[Exercise details] Without the images, repeat every line of the listing verbatim.

Data below START

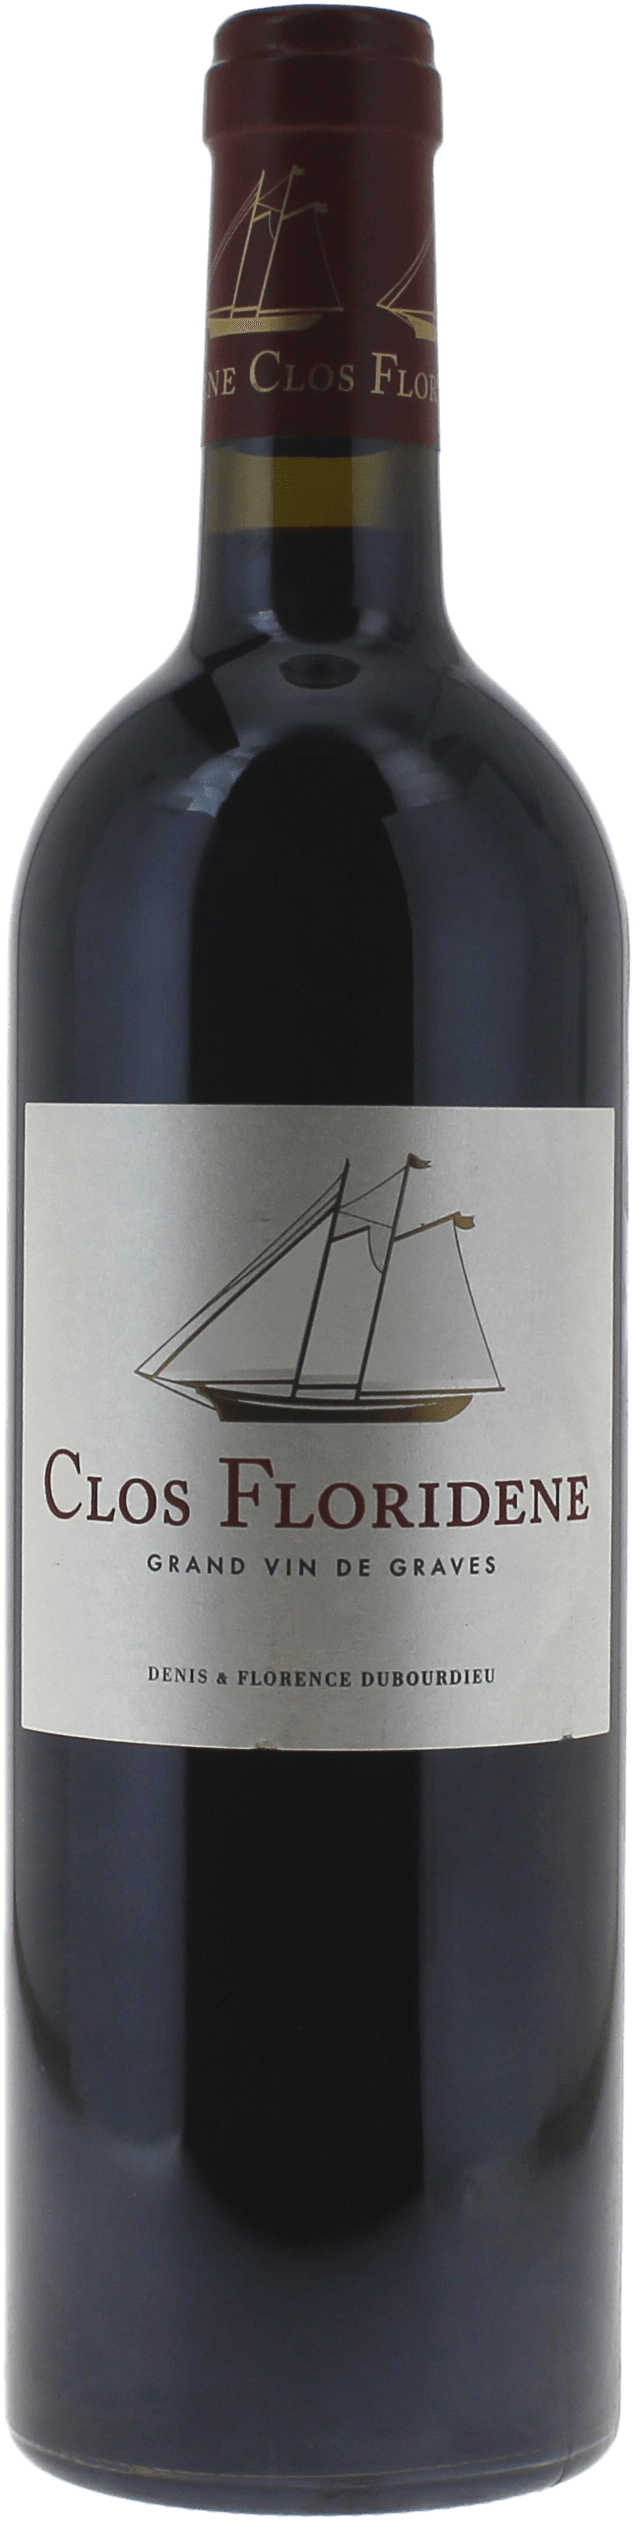 Clos floridne rouge 2015  Graves, Bordeaux rouge
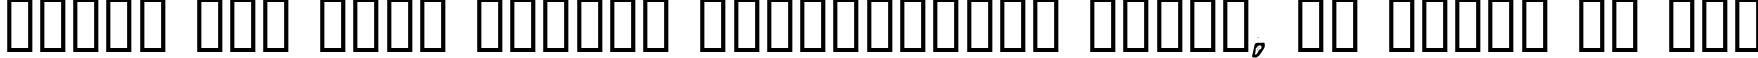 Пример написания шрифтом LogJam Inline текста на русском
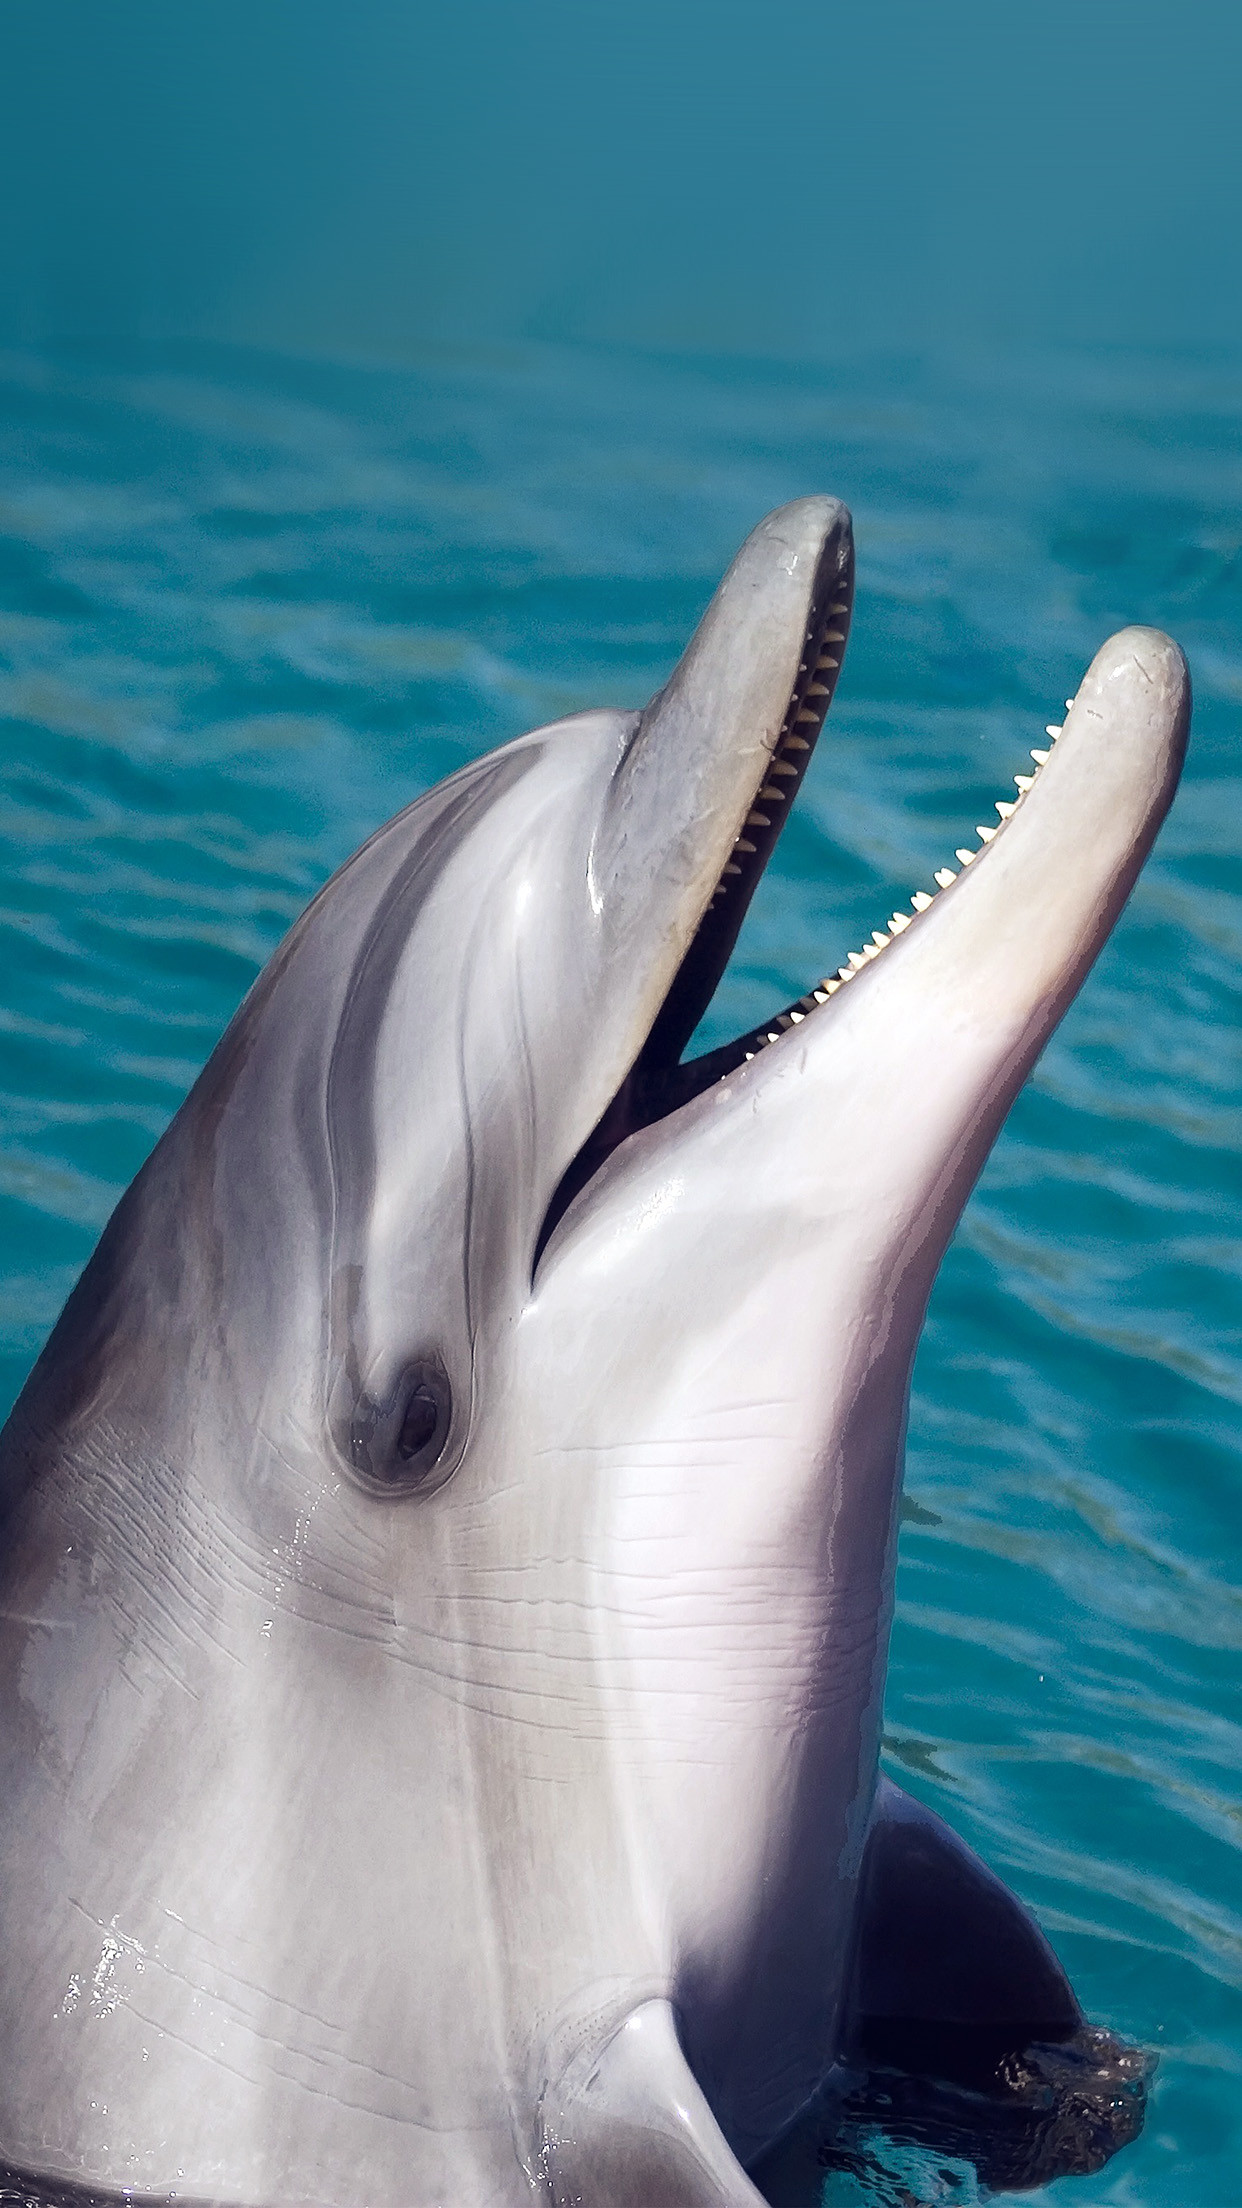 fotos lindas para fondo de pantalla,delfín nariz de botella común,delfín,delfín nariz de botella,mamífero marino,delfín común de pico corto

Data below END

[Written answer]
 Clos floridne rouge 2015  Graves, Bordeaux rouge
 Пример написания шрифтом LogJam Inline текста на русском
 fotos lindas para fondo de pantalla,delfín nariz de botella común,delfín,delfín nariz de botella,mamífero marino,delfín común de pico corto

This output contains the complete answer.